Cattle access mediated changes in macroinvertebrate communities are driven primarily by changes in stream hydromorphology and riparian habitat conditions, and in elevated nutrient and sediment levels in streams (Li et al., 1994; Stone et al., 2005; Arnaiz et al., 2011; Miserendino et al., 2011; O’Callaghan et al. 2019). Increases in limiting nutrients such as phosphorus and nitrogen, as a result of cattle defecation both directly in streams and in the adjacent riparian zone, can lead to concentrations that are detrimental in themselves (Sarriquet et al., 2006), but can also result (in association with reductions in riparian cover/shade) in proliferations of instream algal communities (Braccia and Voshell, 2007). Damage to stream banks by the erosive action of cattle hooves as they enter and exit streams, and as they consume and trample streamside vegetation, contributes significantly to stream suspended sediment inputs and bed loads of fine sediment (Scrimgeour and Kendall, 2003; Braccia and Voshell, 2007; Ranganath et al., 2009; Schulte et al., 2009; O’Sullivan et al., 2019a,b; Rice et al., 2021). Habitat change as a result of algal proliferation and sediment induced stream bed homogenisation seriously alters macroinvertebrate communities in affected streams (Stone et al., 2005; Sarriquet et al., 2006; Braccia and Voshell, 2007). The environmental impact of cattle access to watercourses have been recognised in agri-environmental policy, with cattle exclusion being included in various schemes under Pillar I and Pillar II of the Common Agricultural Policy (see Kilgarriff et al., 2020). Fenced riparian buffer measures have been included in most European agri-environment schemes (Dworak et al., 2009), including Ireland’s, and are amongst the commonest mitigation measures to prevent cattle access to watercourses.

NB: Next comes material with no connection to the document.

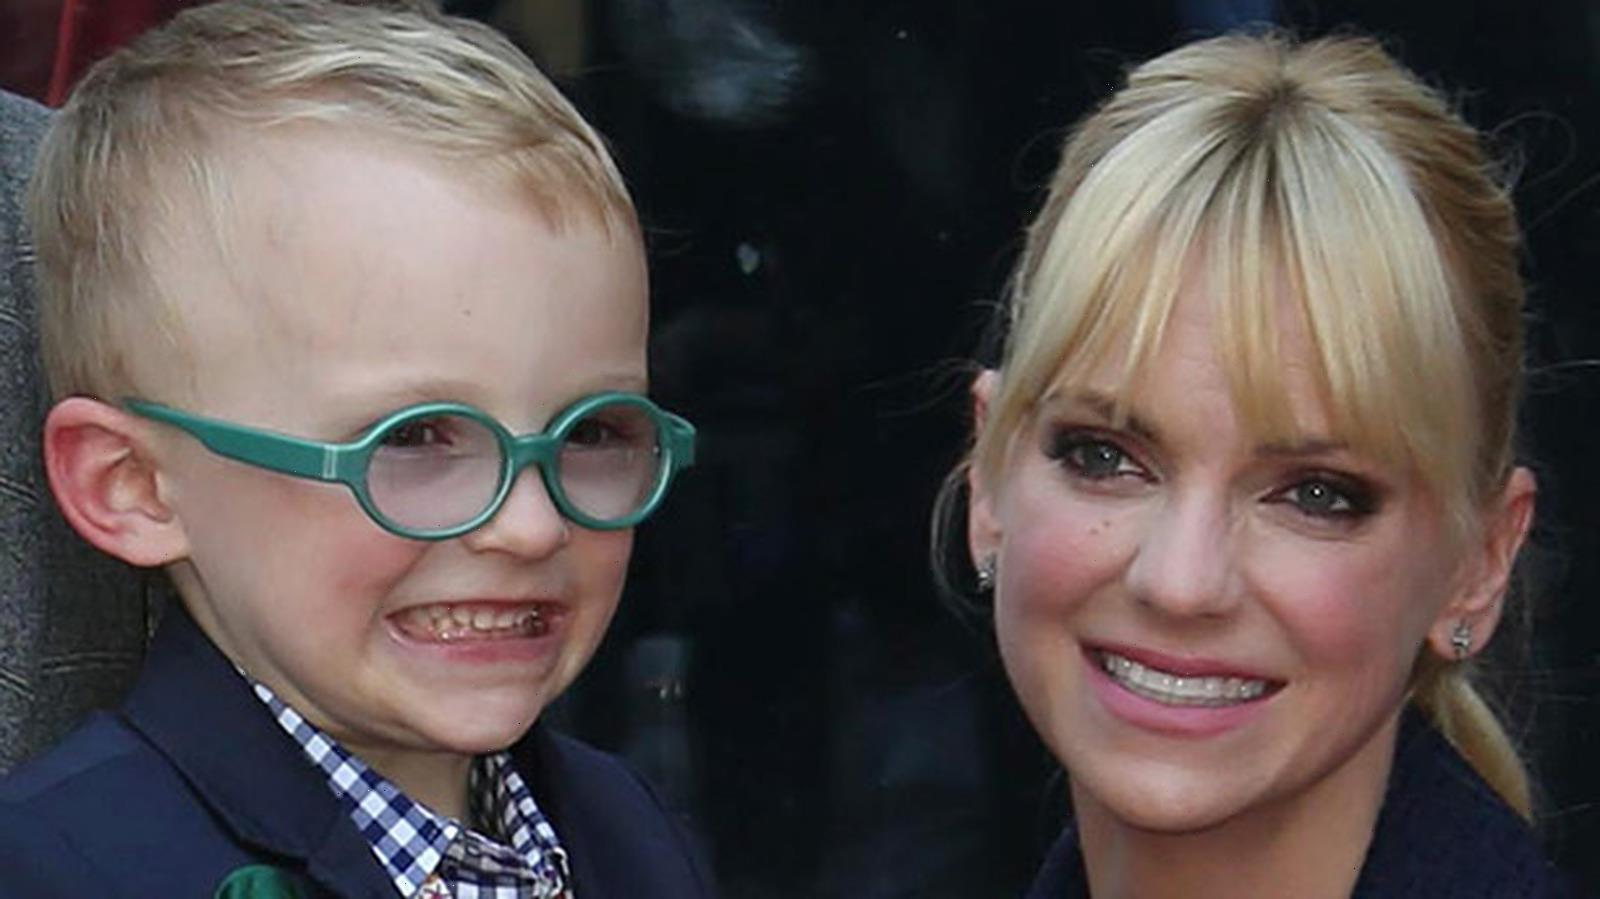 The Health Issues That Chris Pratt And Anna Faris' Son Faced As A Baby
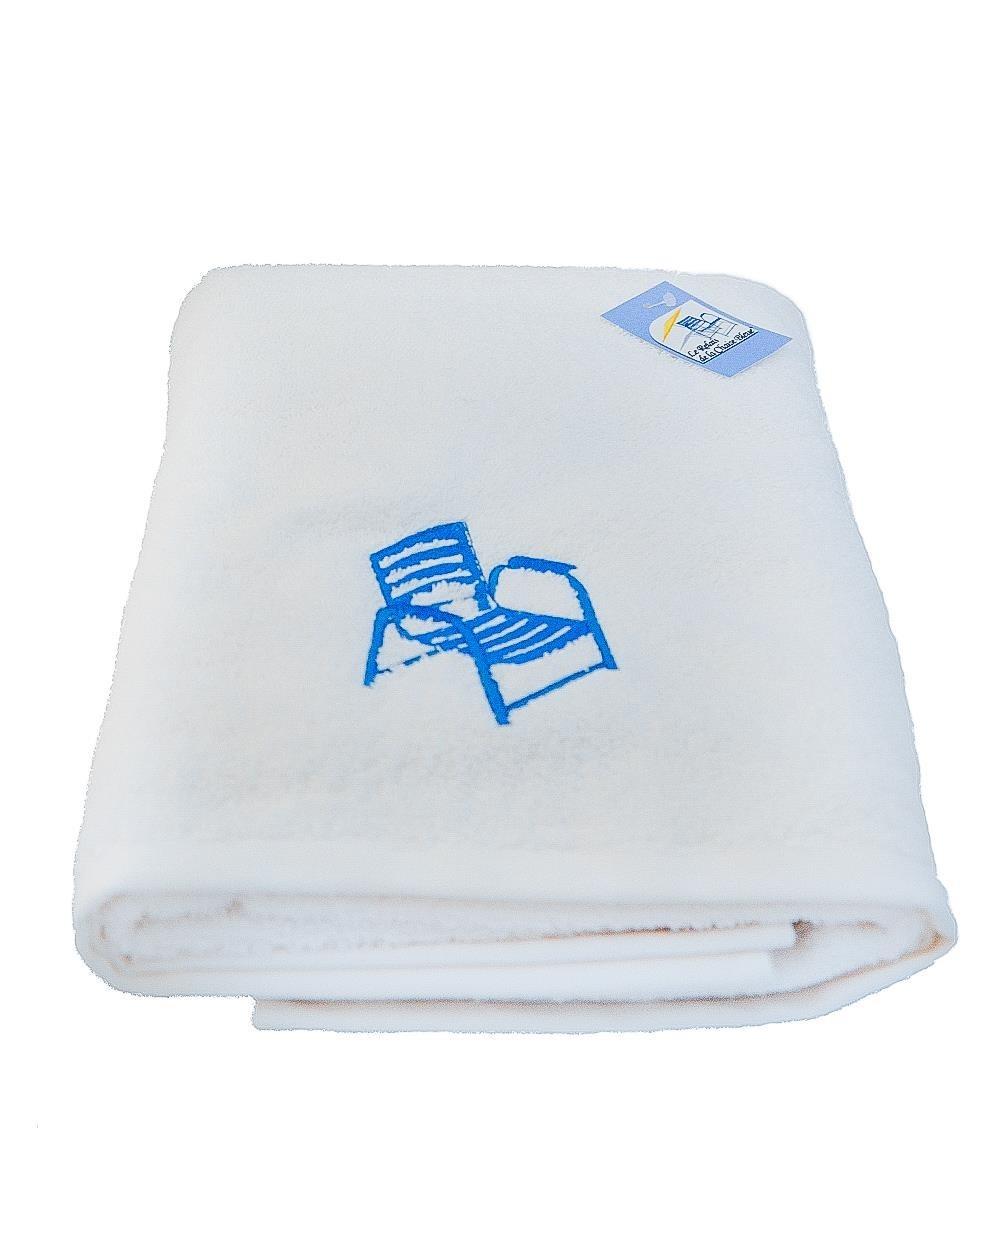 Copy of drap de bain bleu 70x140 cm - Drap de bain rond ...

Various methods of limiting livestock access to waterbodies have been used and empirically tested. Miner et al. (1992), Bagshaw et al. (2008) and Rawluk et al. (2014) studied the use of alternative water sources to encourage cattle congregation away from streams and riparian areas. Legrand et al. (2011) examined the use of “cow showers” as a means of attracting cattle away from shaded riparian areas in the arid Californian climate. The impacts of varying grazing practices have been tested by Raymond and Vondracek (2011), where the benefits of reduced grazing intensity on stream ecosystems via rotational grazing methods were demonstrated. More commonly, however, has been the complete exclusion of cattle from watercourses via fencing (Li et al., 1994; Bewsell et al., 2007; Collins et al., 2010).
Various studies have cited how restriction of cattle access to streams has positively affected factors such as instream and riparian habitat (Weigel et al., 2000); stream hydromorphology (Agouridis et al., 2005), reduced sediment loads (Collins et al., 2010) and physico-chemical conditions (Batchelor et al., 2015; Line, 2003). Fewer studies have examined the response of stream biota to restricted cattle access and most of these studies are from North America (e.g. Raymond and Vondracek, 2011 (macroinvertebrates), Derlet et al., 2017 (microbial)). The efficacy of cattle exclusion as a means of improving stream water ecological quality has not been widely assessed in the context of the temperate northwest of Europe where pastoral farming predominates.
This study aimed to assess the environmental benefits of cattle exclusion via fencing in the short-term (one-year post-fencing), by examining changes in levels of deposited sediment, habitat condition and macroinvertebrate communities in streams in Ireland. Additionally, a case study on the longer-term responses to fencing (9 years) is also presented. Here, 2008 macroinvertebrate data from two sub-catchments (one which was entirely fenced as a part of a group water scheme in the following year), are compared to data collected nine years following exclusion. The results will help inform further development of programmes of measures to improve water quality in agricultural catchments.